▶ [INFORMATION SUPPLIED]:
++++++

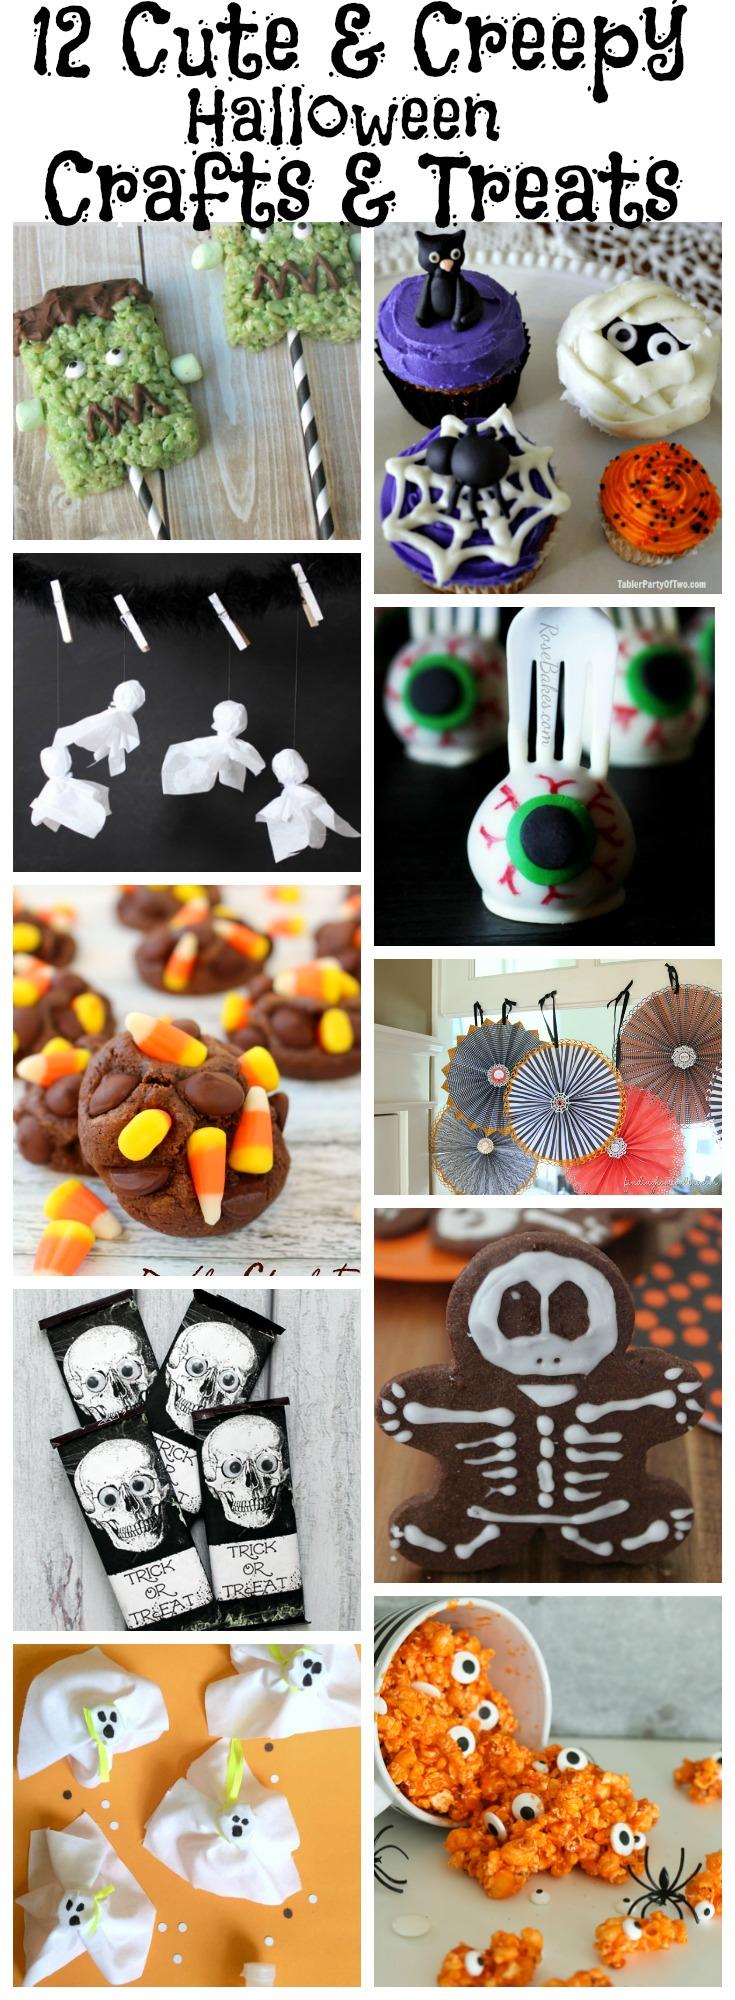 12 Cute & Creepy Halloween Crafts & Treats {Work it Wednesday} | The ...
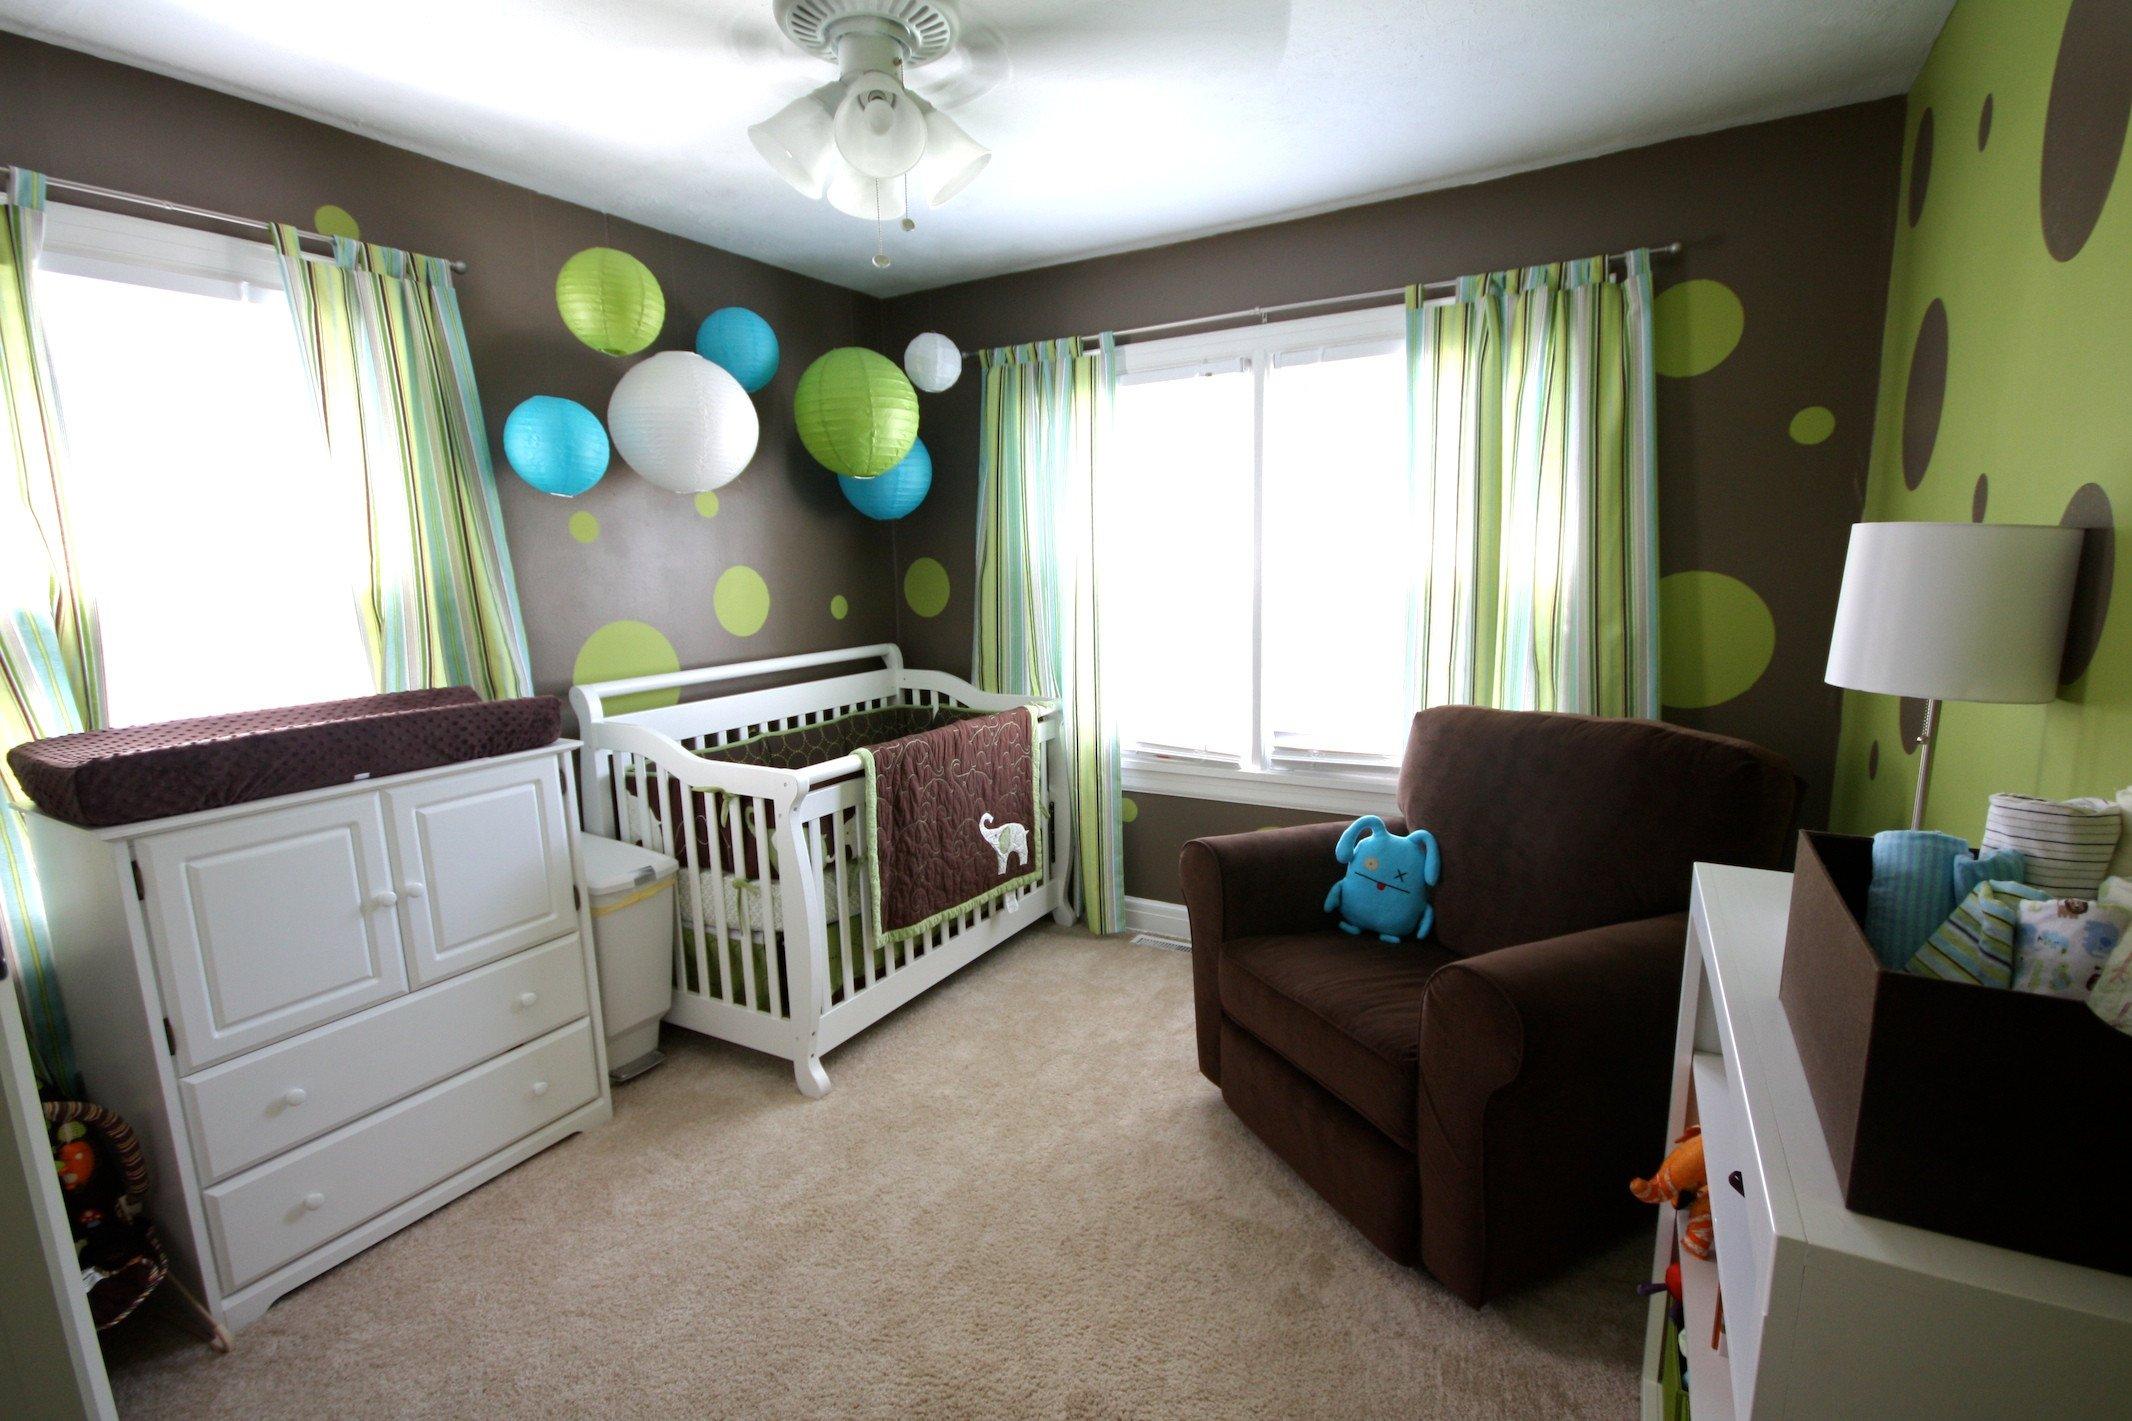 Decor Ideas for Boys Room Elegant Boys Room Designs Ideas & Inspiration
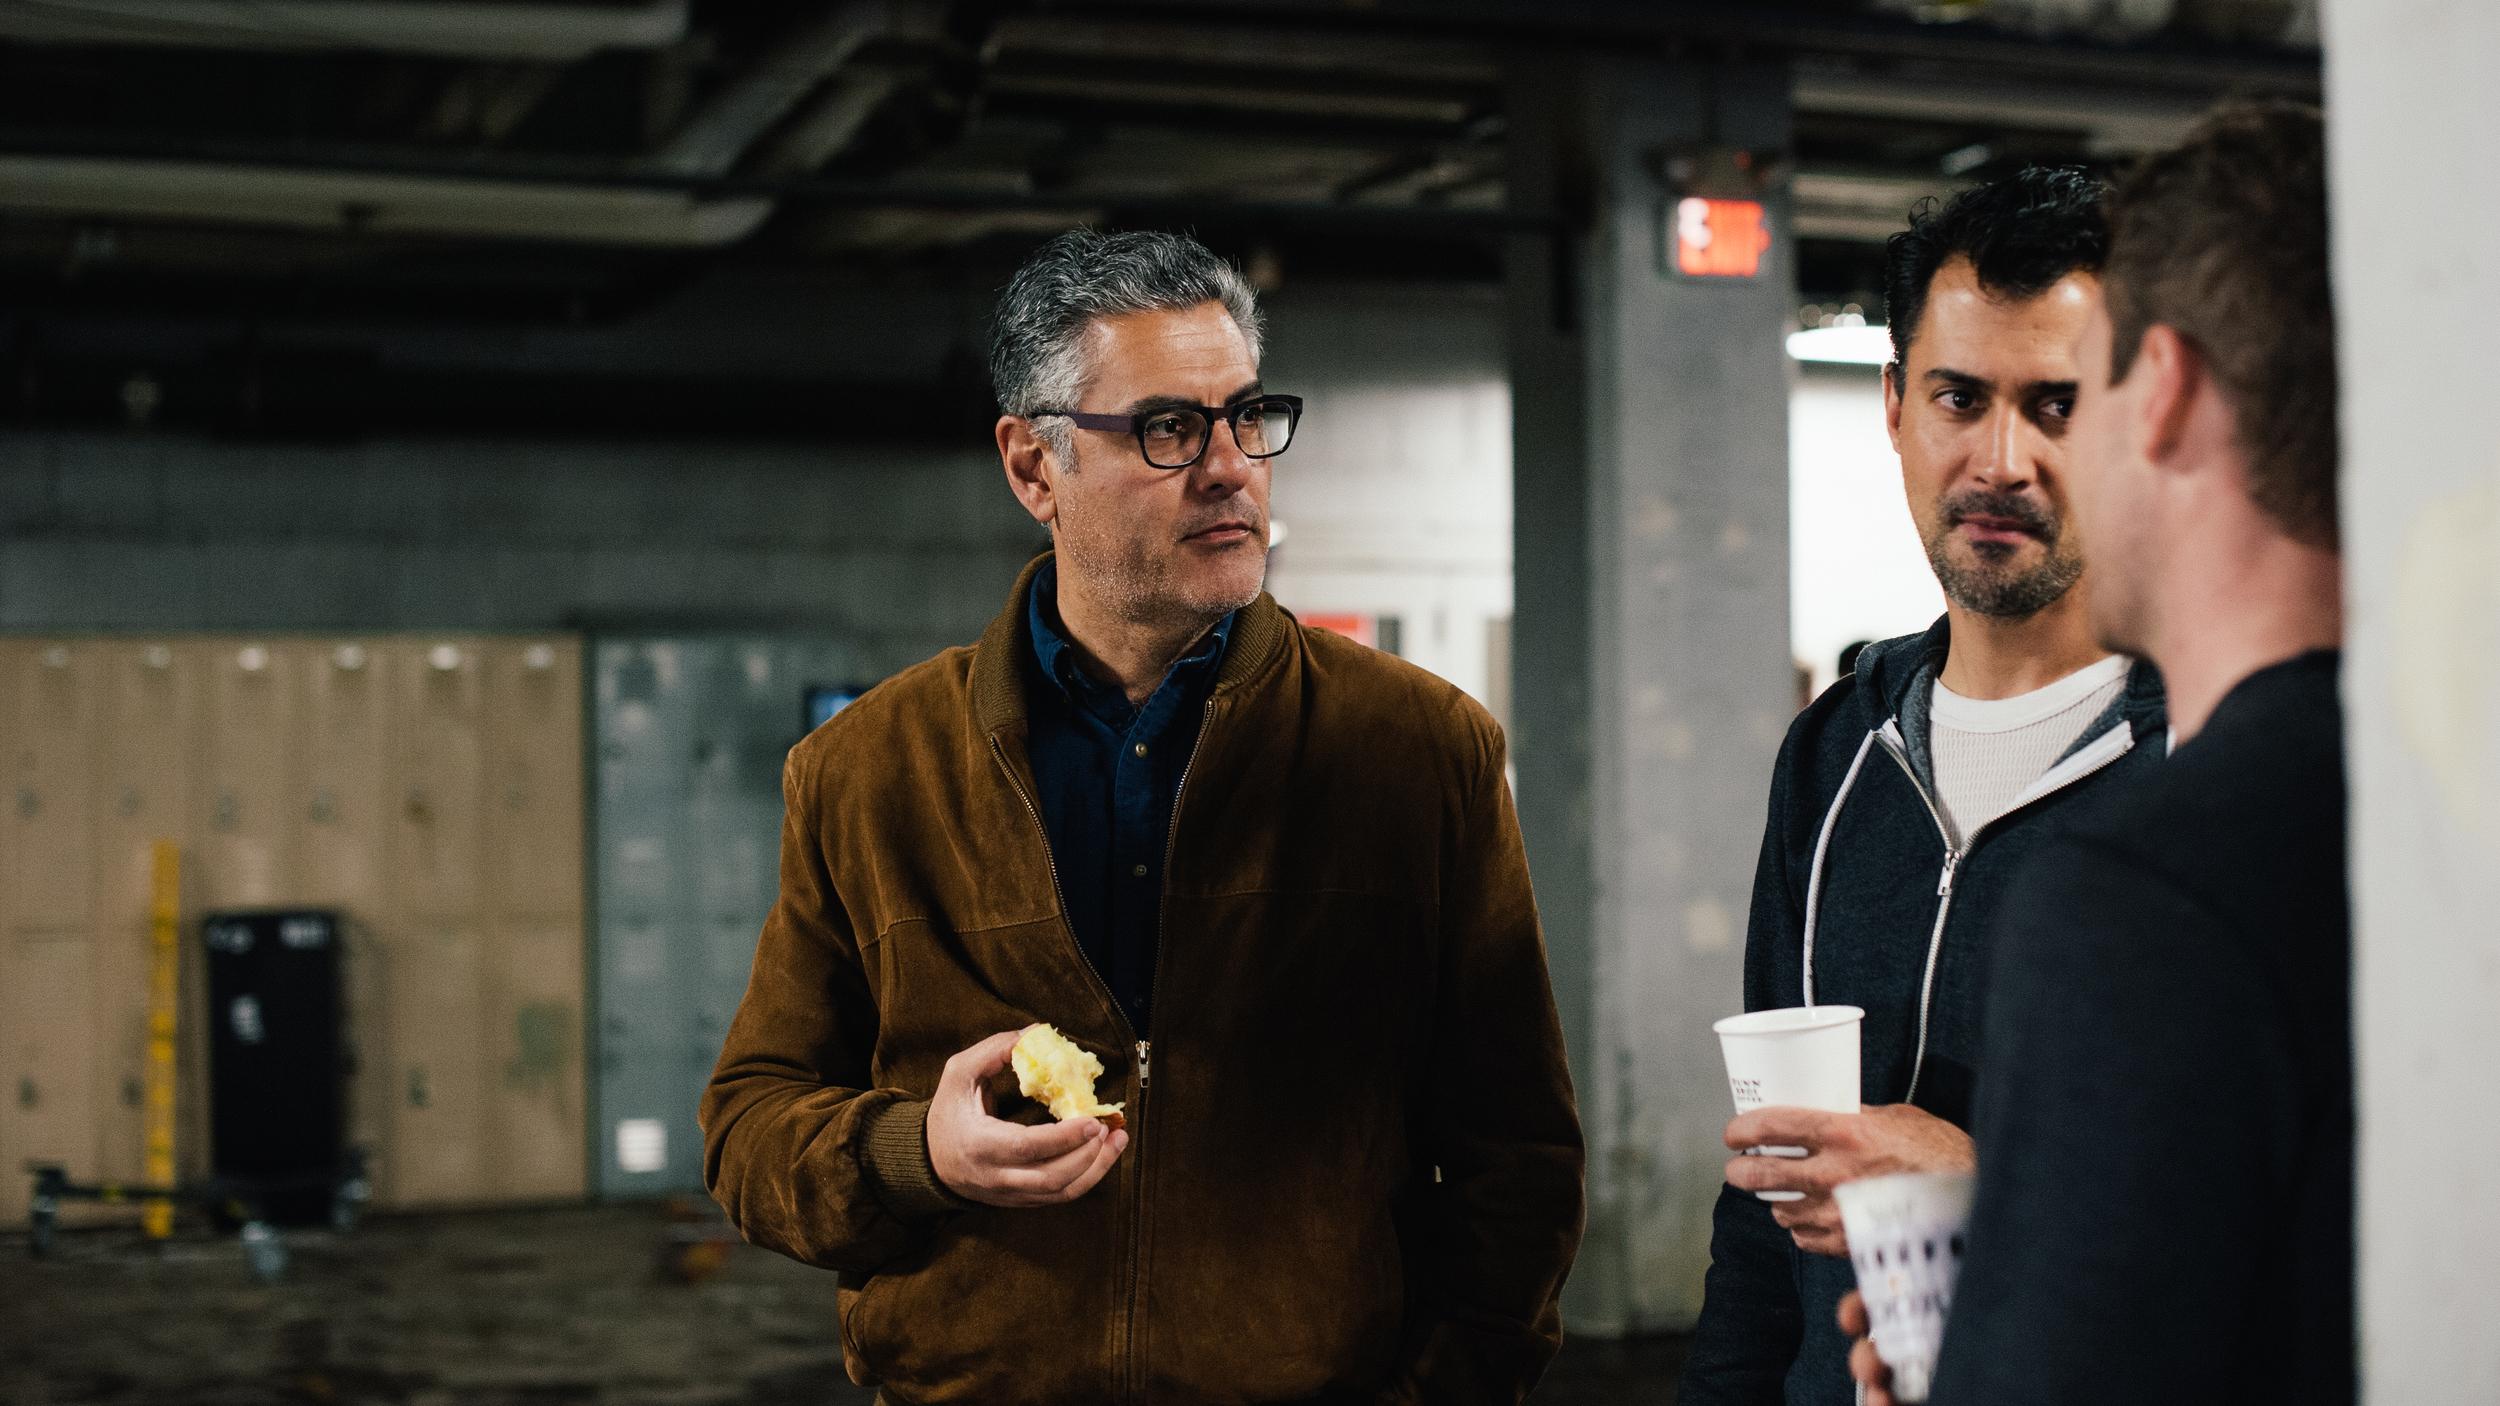 Producers Michael Jurayj and Aaron Courteau
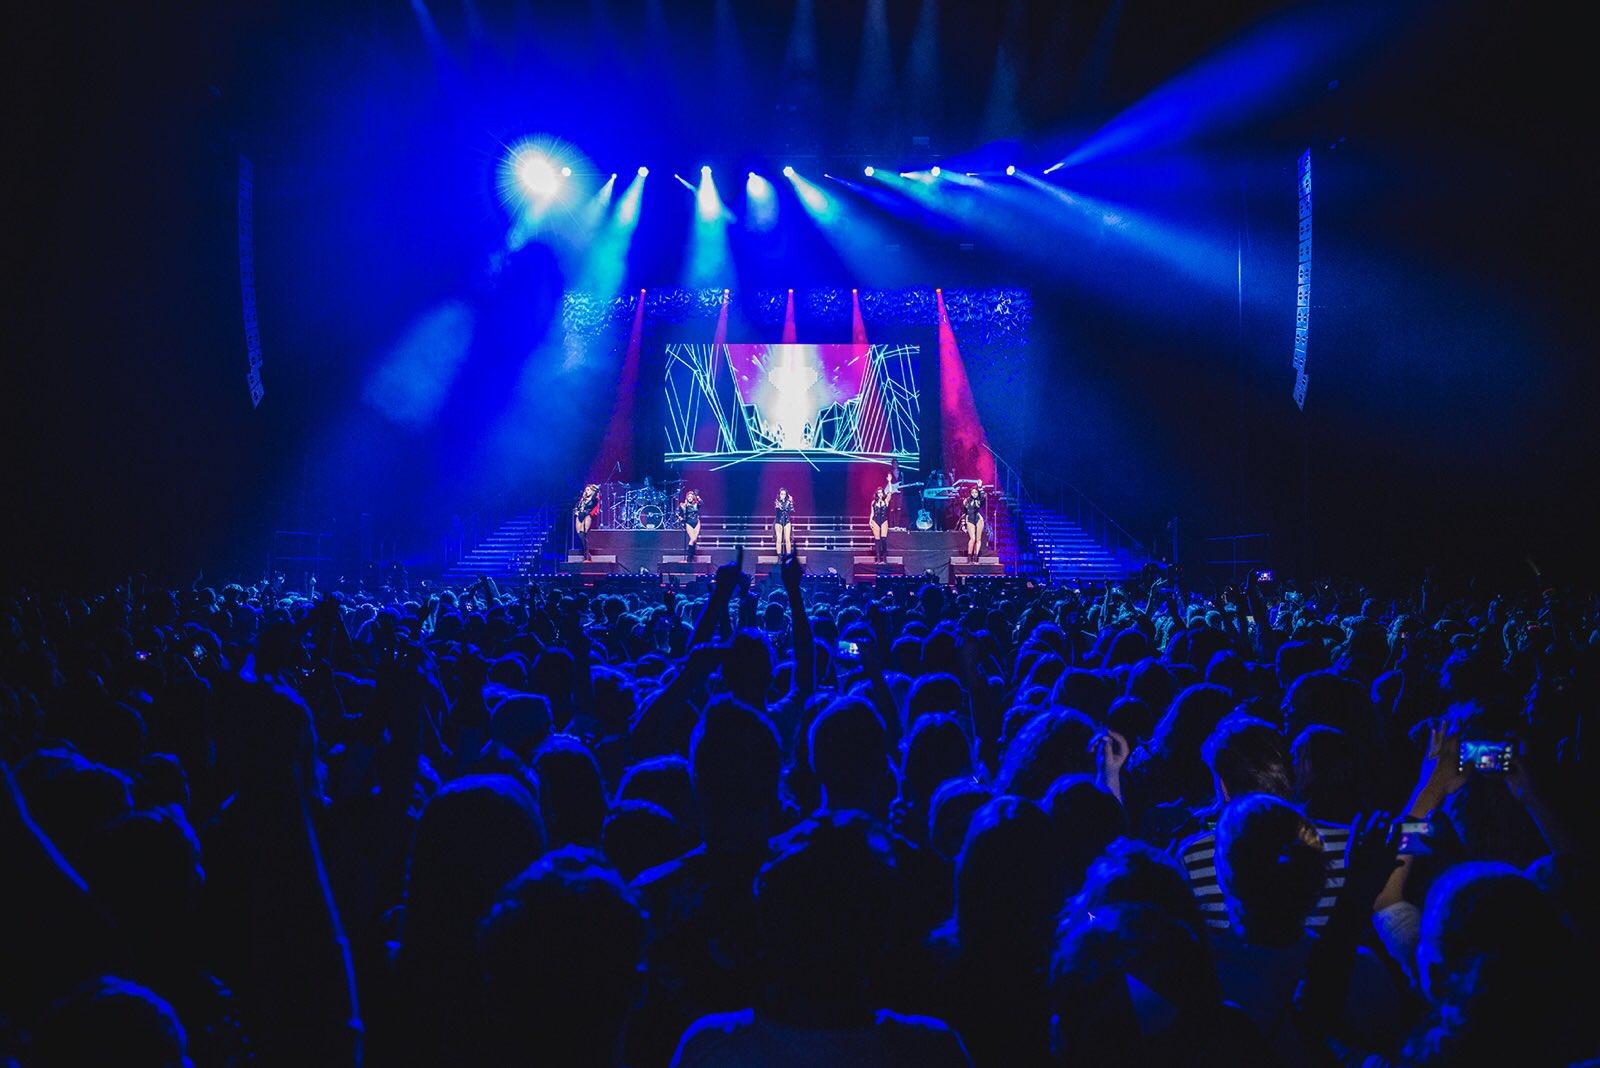 Thank you all for an amazing night! ����#727TourAmsterdam https://t.co/AwOHgZSlCF

++++++

▶ [PROBLEM DETAILS]:
Reproduce the data verbatim and omit each image.

▶ [RESPONSE TO THE TASK]:
 12 Cute & Creepy Halloween Crafts & Treats {Work it Wednesday} | The ...
 Decor Ideas for Boys Room Elegant Boys Room Designs Ideas & Inspiration
 Producers Michael Jurayj and Aaron Courteau
 Thank you all for an amazing night! ����#727TourAmsterdam https://t.co/AwOHgZSlCF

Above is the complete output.